Vous en avez certainement déjà entendu parler : le reste à charge zéro (RAC 0) va prendre de l’ampleur. Jusqu’à présent, le premier palier de cette réforme, dite « 100 % santé », n’a concerné que les prothèses auditives. Depuis janvier dernier, un prix de vente maximal de 1 300 euros avait été fixé pour une partie des appareils et de meilleurs remboursements, instaurés, avec un gain moyen de 100 euros par oreille pour les assurés, selon le ministère de la Santé.

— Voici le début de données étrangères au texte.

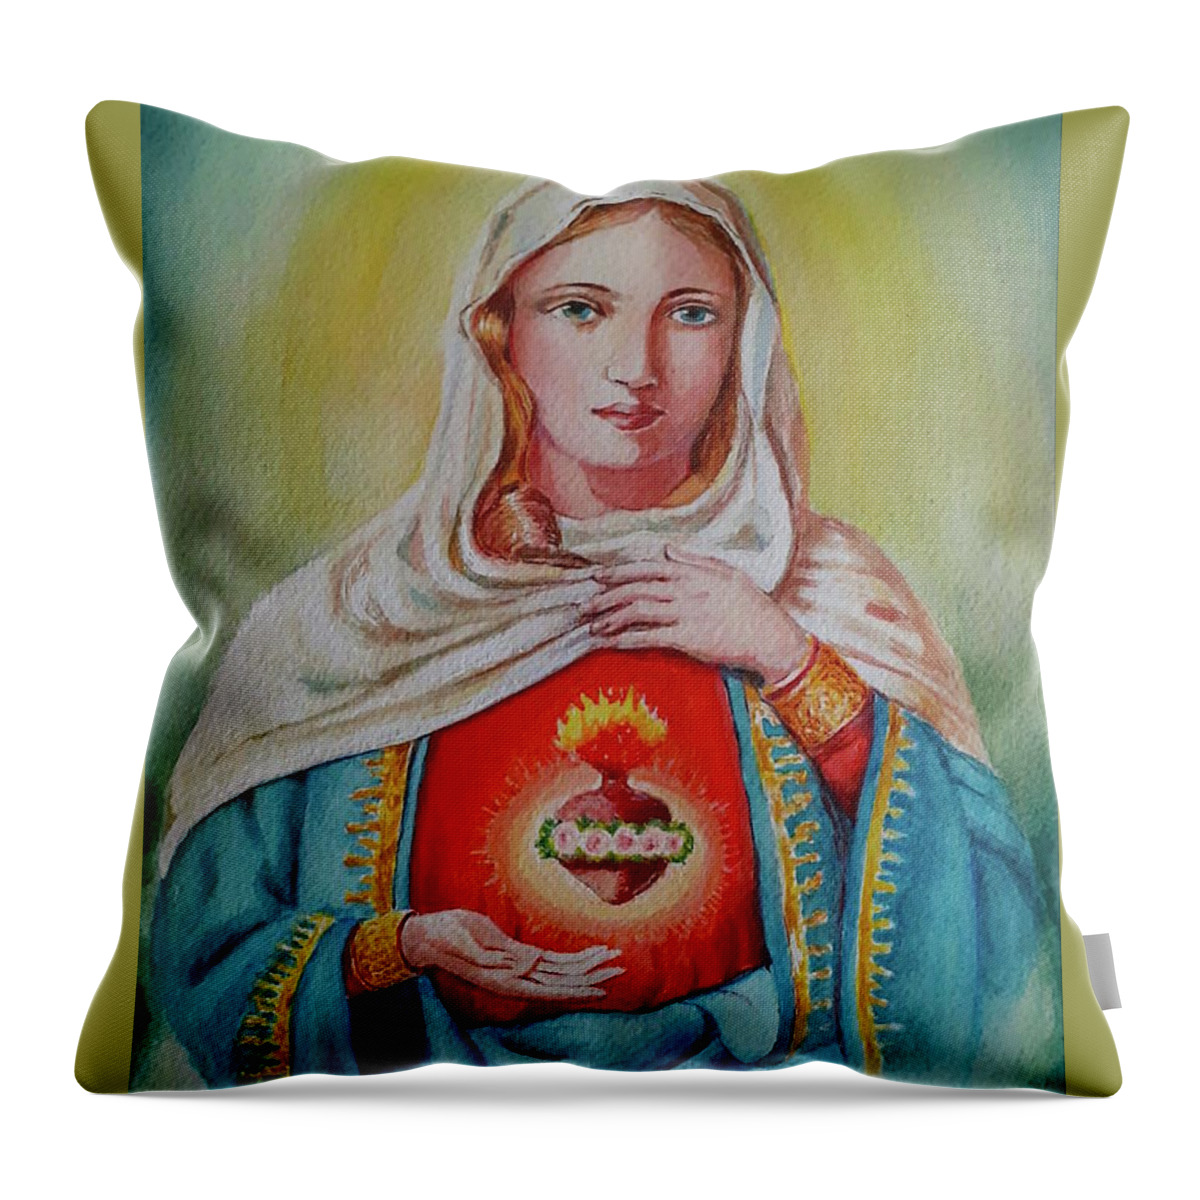 Saint Mary Throw Pillow featuring the painting Saint Mary s sacred heart by Carolina Prieto Moreno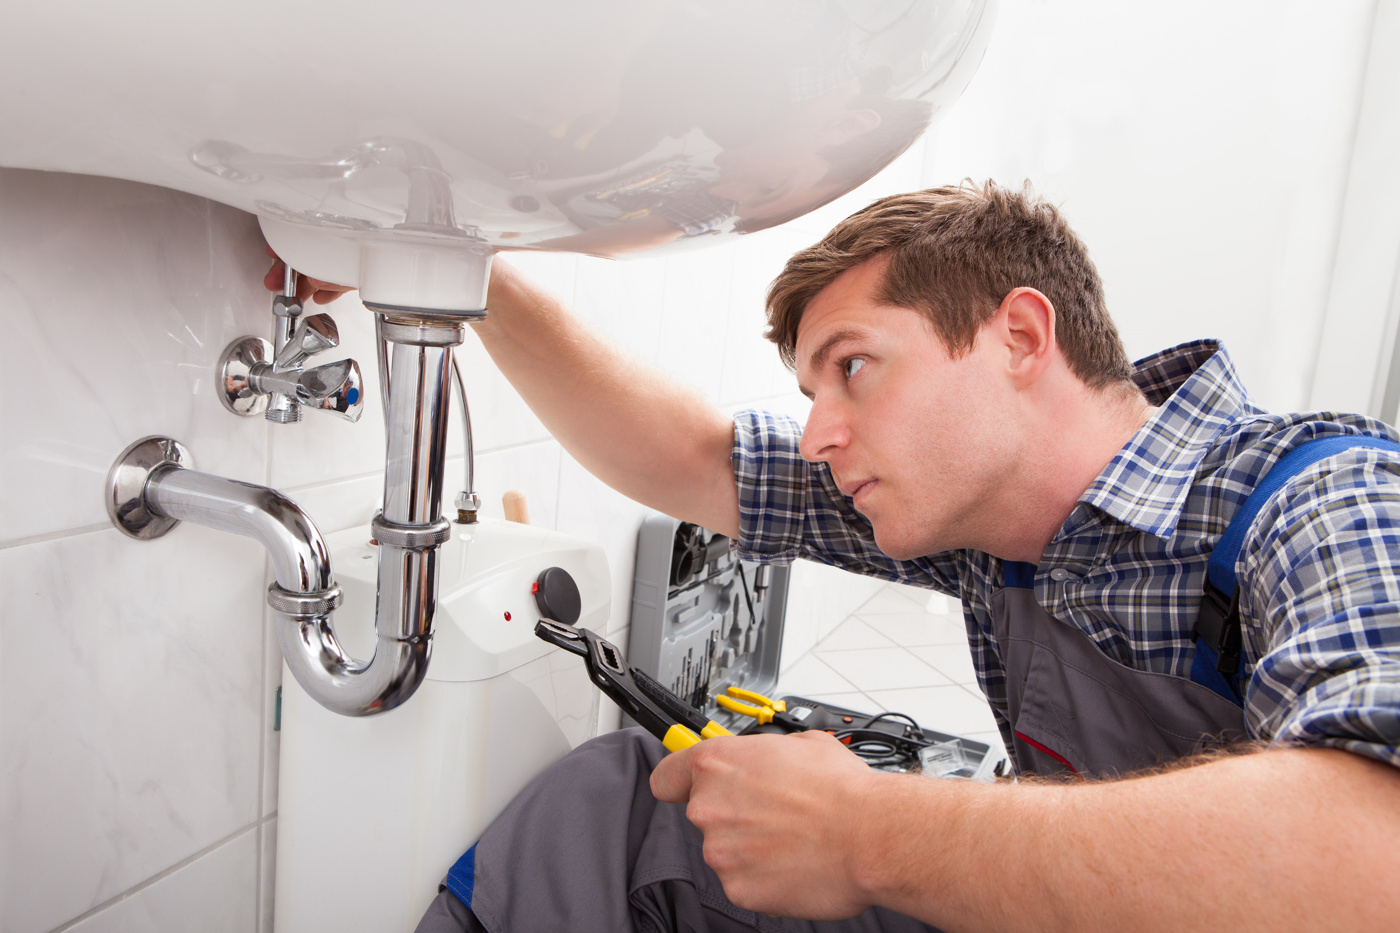 A head plumber installs a washbasin in a customer's bathroom.

A partir du 1er janvier prochain, c’est au tour de l’optique et du dentaire d’entrer en piste avec l’apparition des paniers de soins 100 % remboursés. Tous les contrats, quel que soit le niveau de leurs garanties, en proposeront. Concrètement, vous n’aurez rien à débourser pour vos lunettes ou votre couronne dentaire. En contrepartie, les équipements accessibles seront strictement définis et leurs prix, plafonnés.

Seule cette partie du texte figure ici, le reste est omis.